Take a minute and think about how you learn about current events affecting agriculture. How do use media in this process? What media do you select? Now, think about another topic that you are completely unfamiliar with. How do you learn about it? What role does media play in your understanding? How are these two processes different for you? How are they the same? What does this tell you about how people unfamiliar with agriculture may learn about it? What did you learn is this week’s readings that could help you improve this process?

Sorry to begin with so many questions, but I think it helps to put us in the right frame of mind when discussing the role of media in agricultural communications. We all know that the number of journalists with a specific ag beat has dropped dramatically. Reporters are now asked to cover multiple topics and likely take the pictures and video associated with the stories and upload it to the web or a blog themselves. Very few members of mainstream media understand agriculture, but I hope you realized from this week’s readings that we cannot make grand claims about the media’s power to corrupt (or save) society. Media is one piece of the entire puzzle. People do not absorb 100% of the content they come in to contact with and personal characteristics play a huge role. The theories discussed in this week’s readings play a large role in our understanding of how people process and seek information. If you were seeking to change a person’s attitude toward the handling of livestock, which theory from this week do you think would help explain the process best? Would you select a different theory if you were trying to change a farmer’s attitude toward adopting new technology?
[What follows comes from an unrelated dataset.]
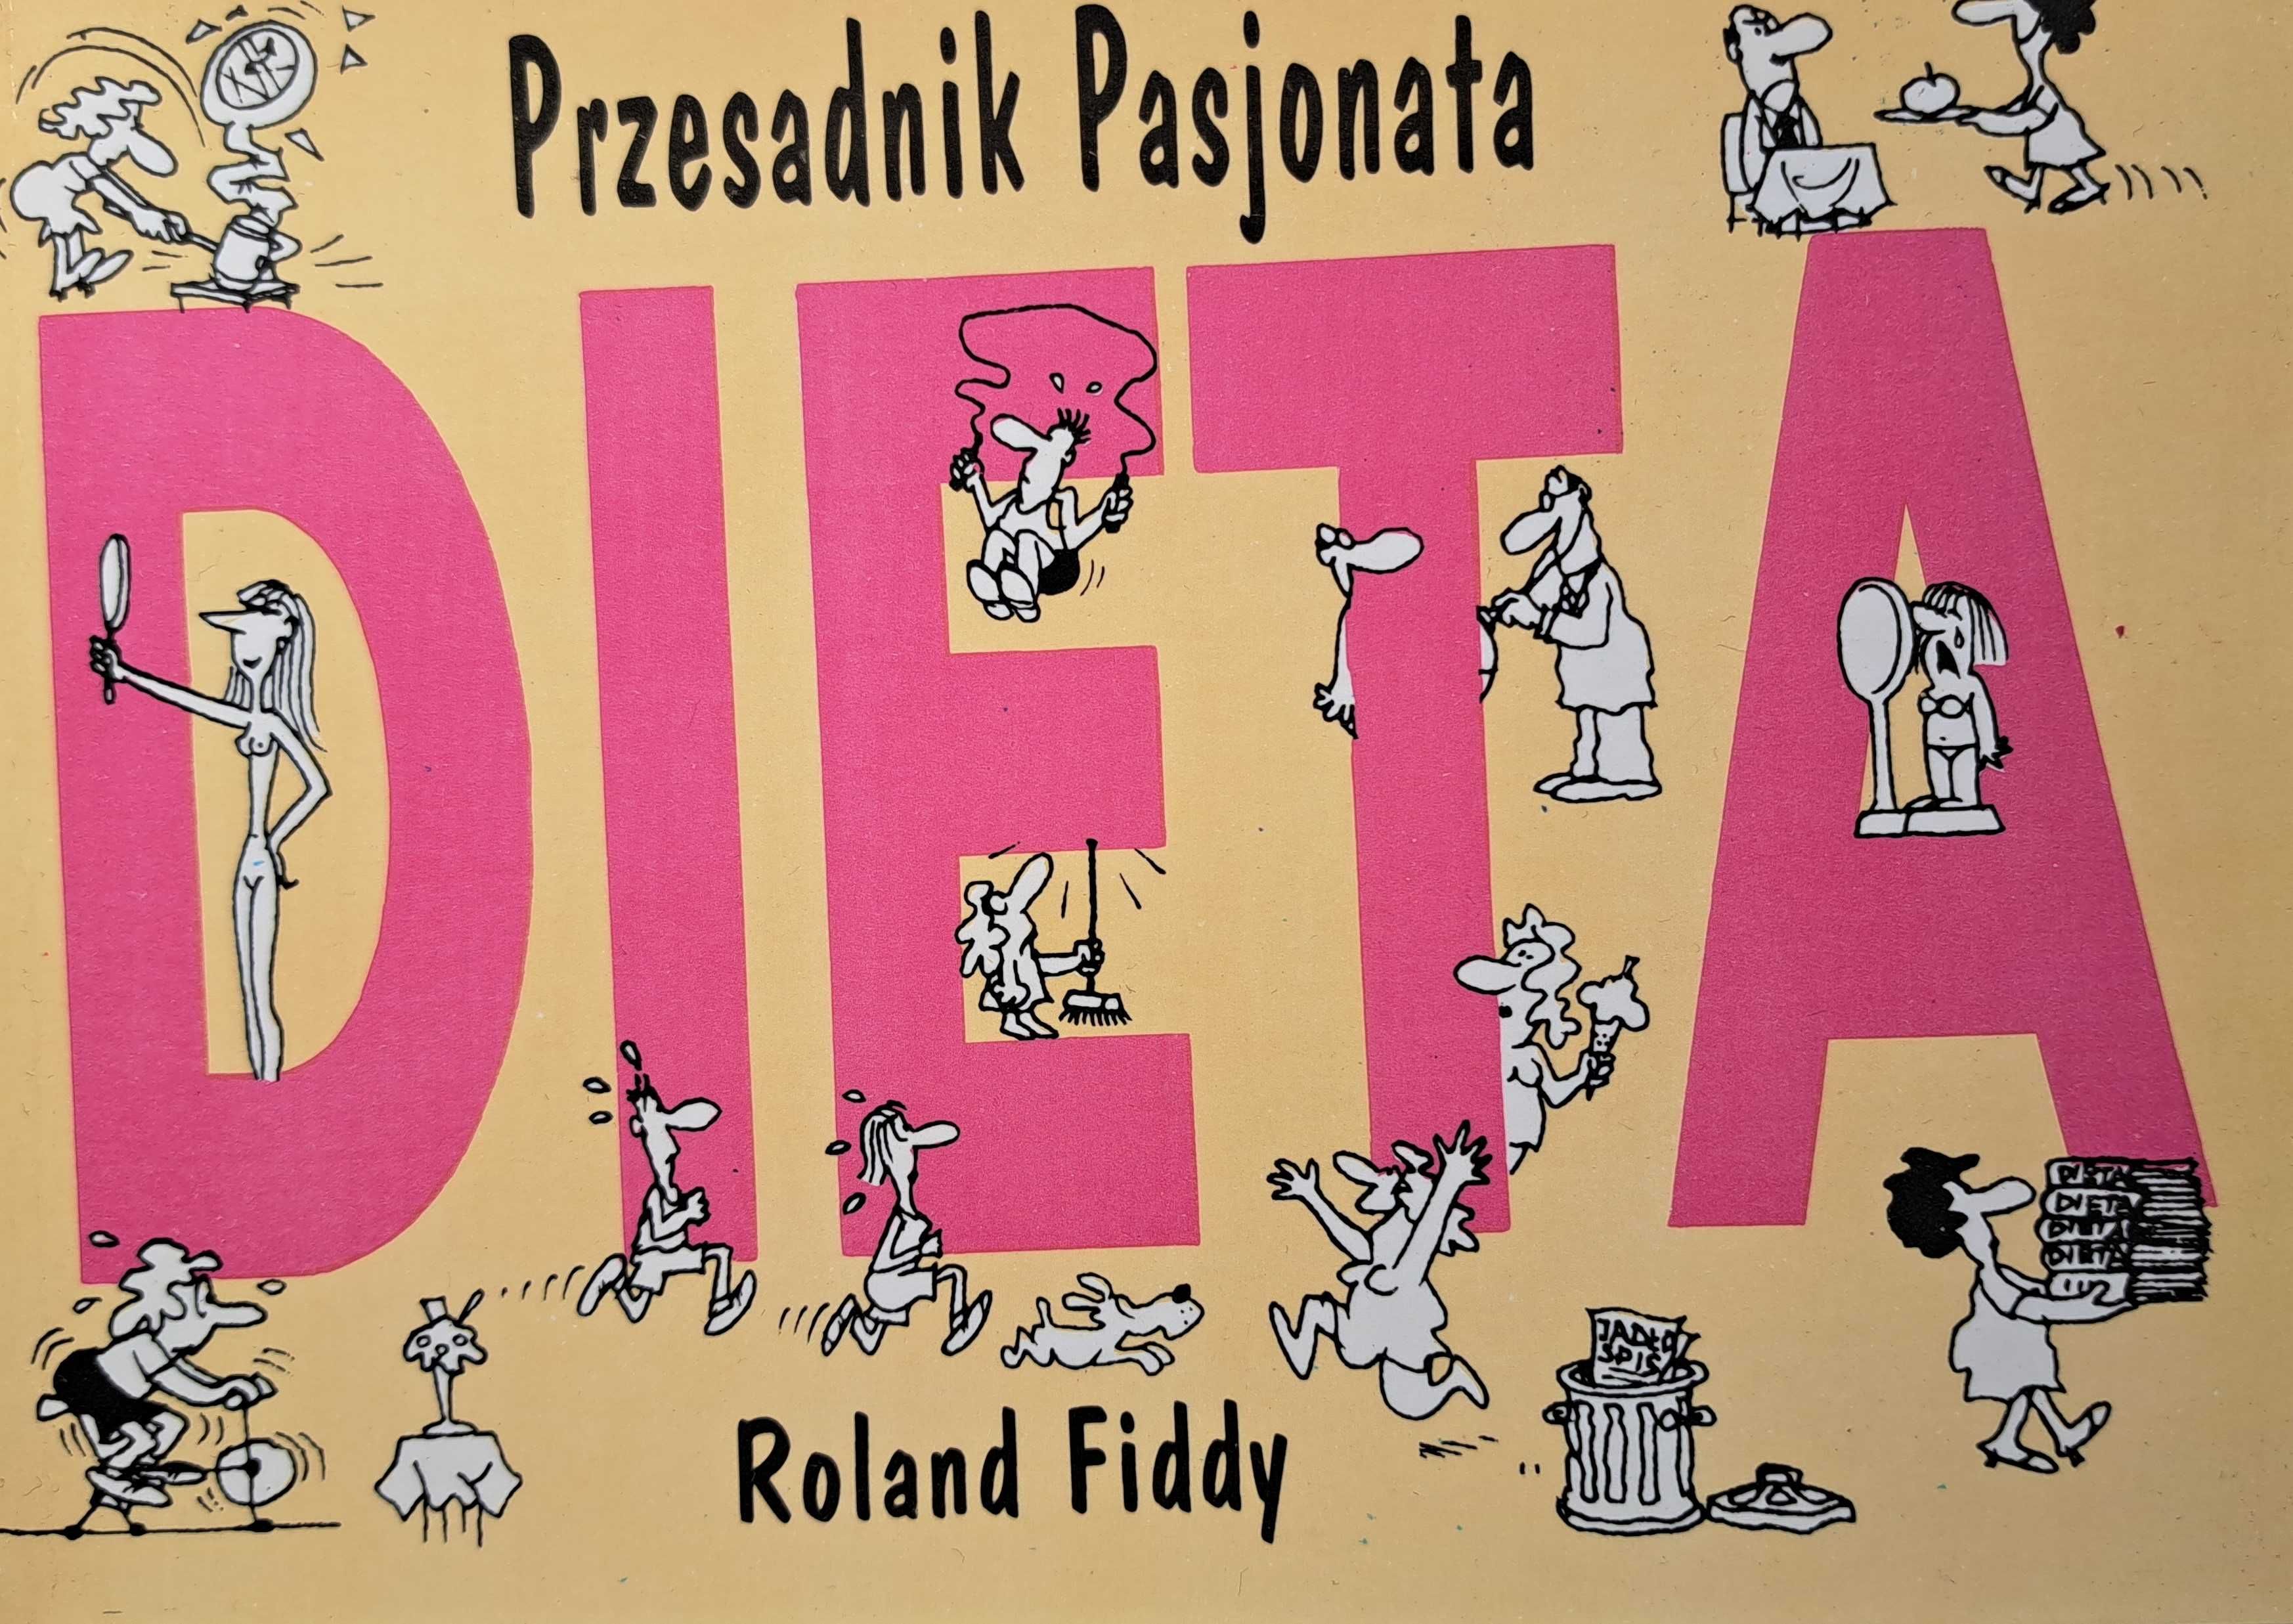 Roland Fiddy "Poradnik Pasjonata. Dieta"

As you are learning in the peer review process, scholars do not always agree. From disagreement arises some of the world’s best discoveries. As scholars you shouldn’t just accept things the way they are. Ask questions, challenge the norm, and test the theories you find issue with. You may disprove what another scholar has found, or convince yourself that the theory should stand. As you read through chapter 14, was there a place where you questioned the author’s claims or how they were presented? Was your reception the result of negotiated meaning or an outright oppositional decoding situation?   



Blog 8: Case studies and theory in agricultural communication research

This week we read two articles from JAC. The Palmer, Irlbeck, Meyers, and Chambers reading introduced us to the concept of case studies in agricultural communication research. The use of case studies is a common practice in agricultural communication research. Case studies offer an opportunity to examine a phenomenon or issue in-depth in order to understand it. In some instances this may mean developing new theory or identifying how theory applies in a new context or setting. When a phenomenon or issue arises, a researcher may notice a tie to an existing theory and use the theory as a guide to research the phenomenon or issue. The latter is similar to this study, although new recommendations based on this analysis were presented. This is applied research at its finest; this is a research study that investigates a crisis in order to develop recommended practices for future crises. These authors chose excellence theory to guide their investigation. Why was this an appropriate choice? Is there another theory we have studied that would have been useful in guiding this research? Explain your reasoning.

The Abrams and Meyers article demonstrates how theory can be utilized in a study to investigate a specific population and determine if this unique population reacts in the theorized way. In this article the authors utilized two theories: social amplification of risk and gatekeeping. These authors provided much more information on the theories they utilized than the first article. In a study that is testing theory, it is of utmost importance to provide adequate background as the research questions or objectives of the study are typically built upon the theory. Additionally, the findings of such a study will likely have implications for the future of the theory in the profession. The authors of this study recommend several followup studies. Pick one of the recommended followup studies and suggest a theory or multiple theories you believe would be appropriate for the study you select.  How would you set up the study in a way that would make sense for the theory or theories you suggest? Use the way the authors we read this week set up their studies as a guideline.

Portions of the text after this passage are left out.